=== Section Start ===

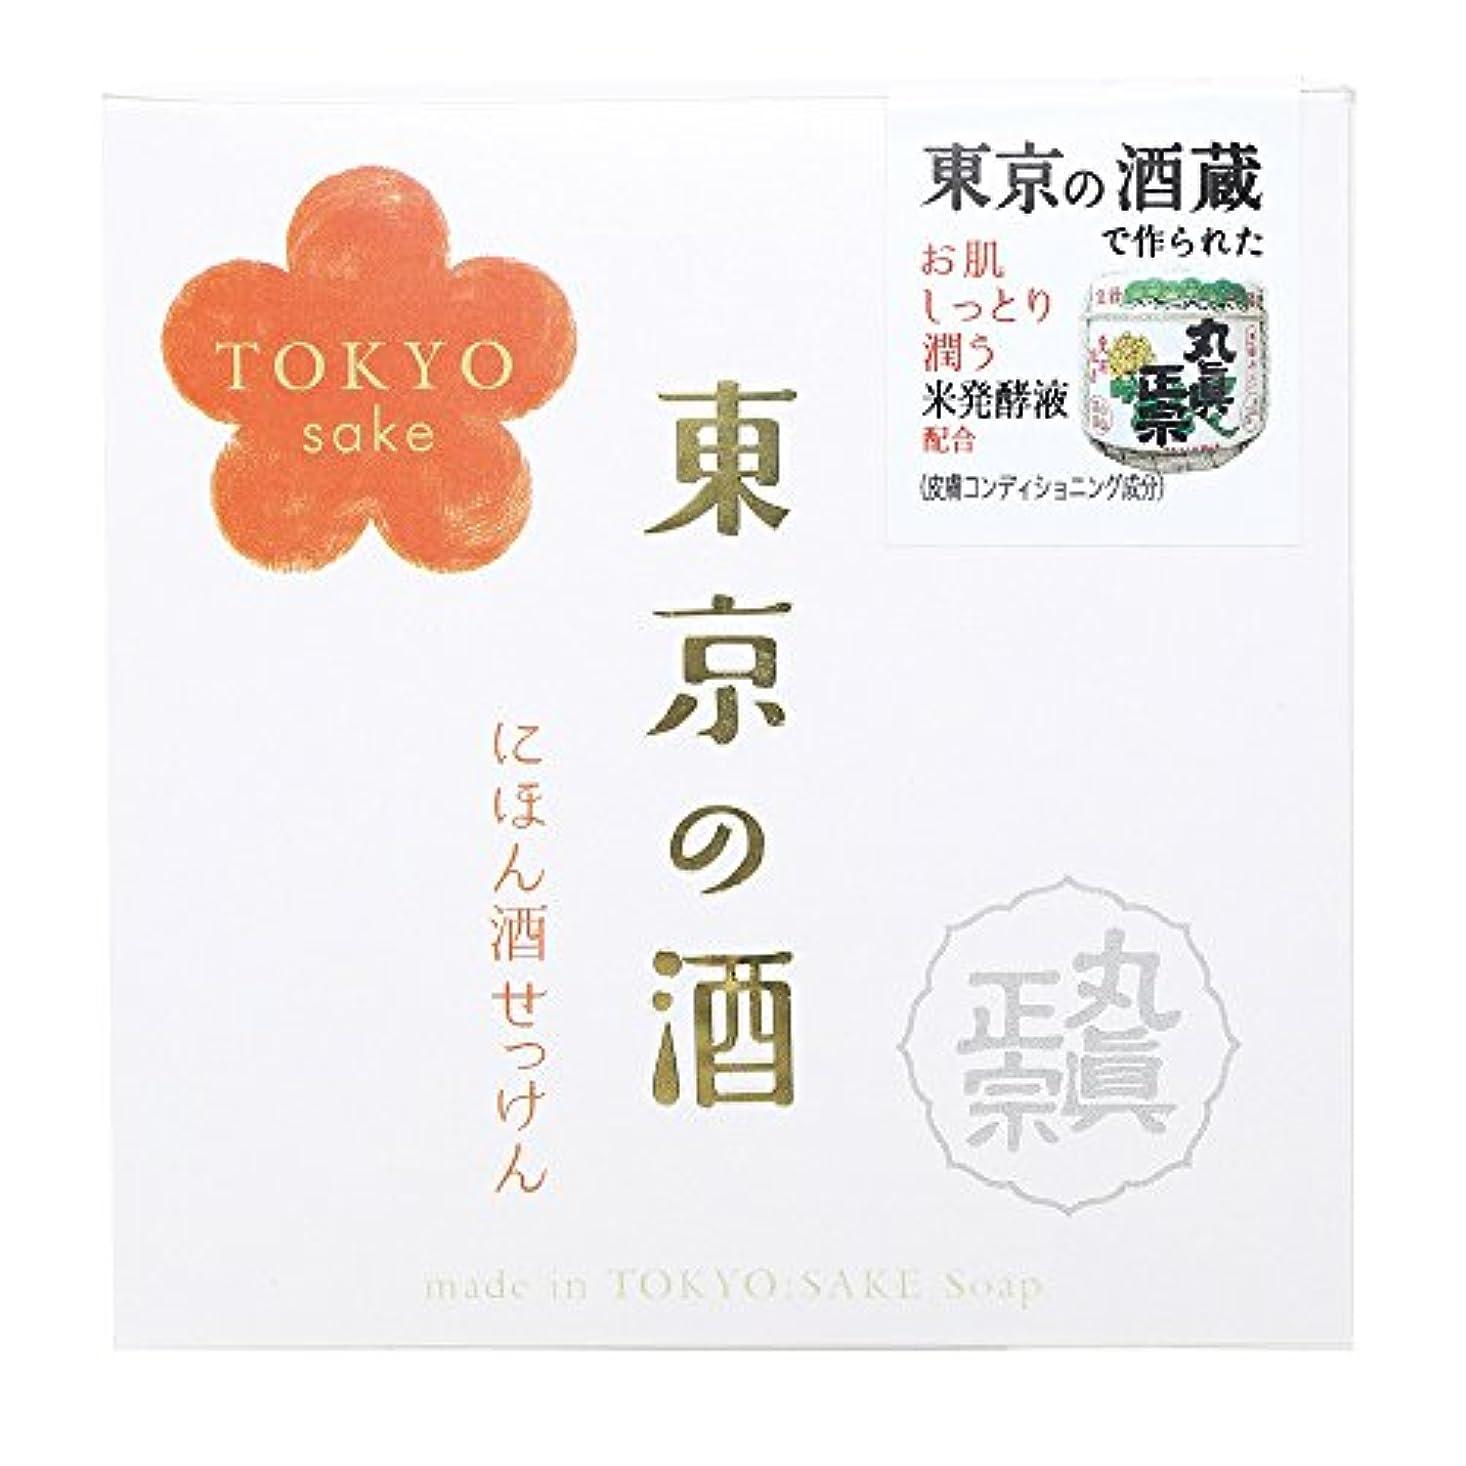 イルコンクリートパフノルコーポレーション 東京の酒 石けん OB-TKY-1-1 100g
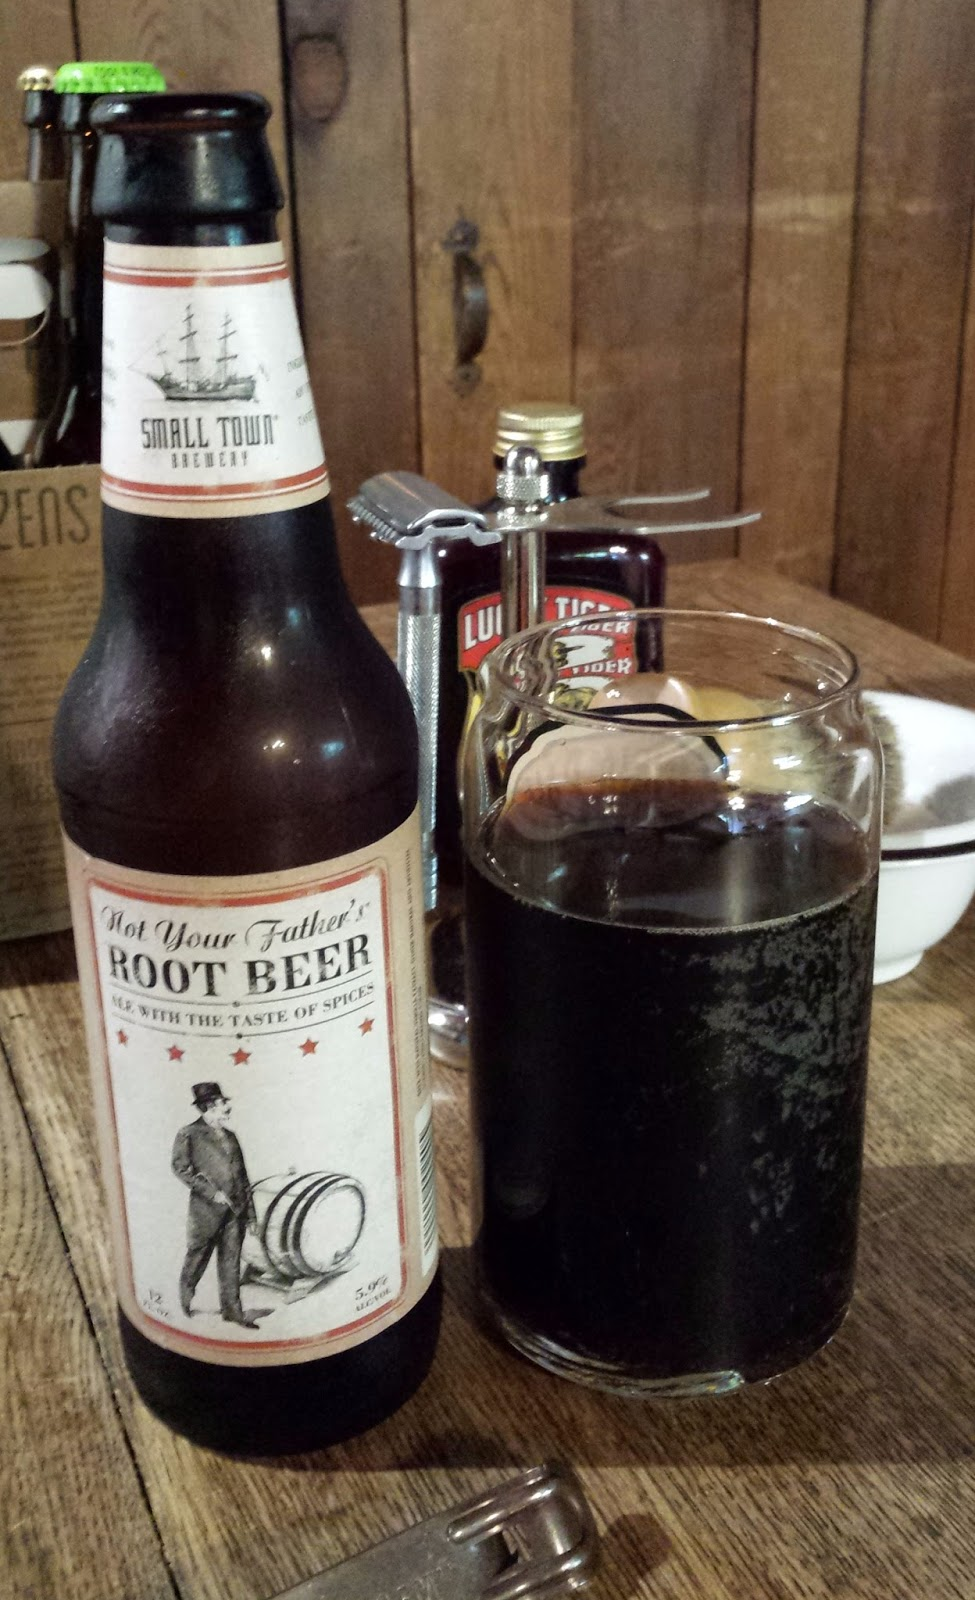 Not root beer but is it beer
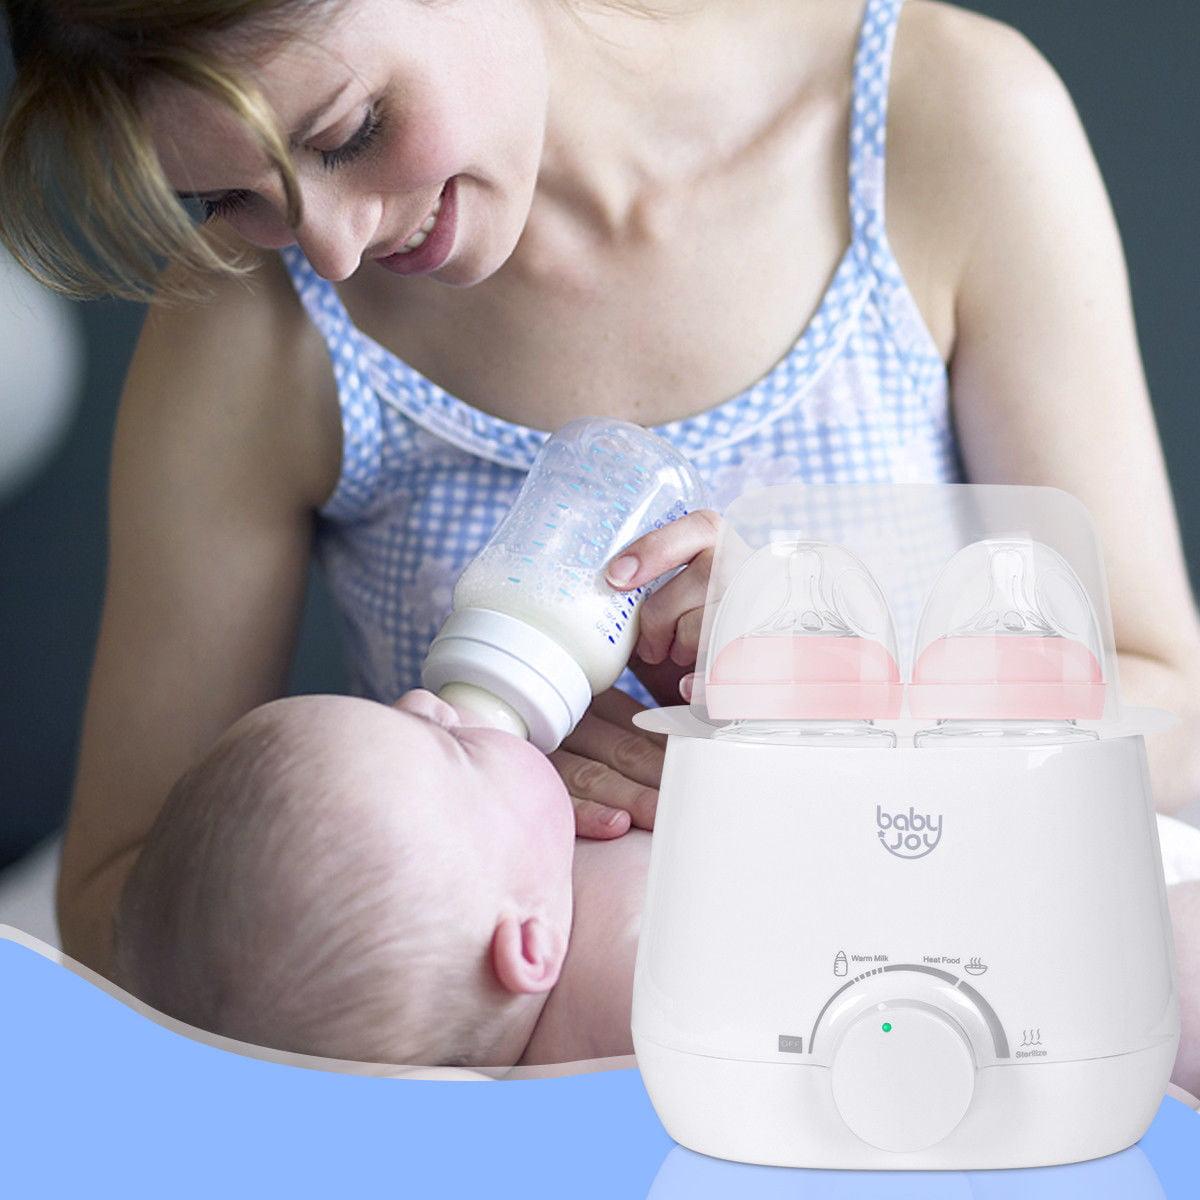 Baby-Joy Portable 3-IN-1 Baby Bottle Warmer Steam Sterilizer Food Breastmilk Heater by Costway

=== Section End ===

__Exercise details__.
Copy the listing above verbatim; the pictures it contains are to stay out.

__Response to this exercise__.
 イルコンクリートパフノルコーポレーション 東京の酒 石けん OB-TKY-1-1 100g
 Not root beer but is it beer
 Baby-Joy Portable 3-IN-1 Baby Bottle Warmer Steam Sterilizer Food Breastmilk Heater by Costway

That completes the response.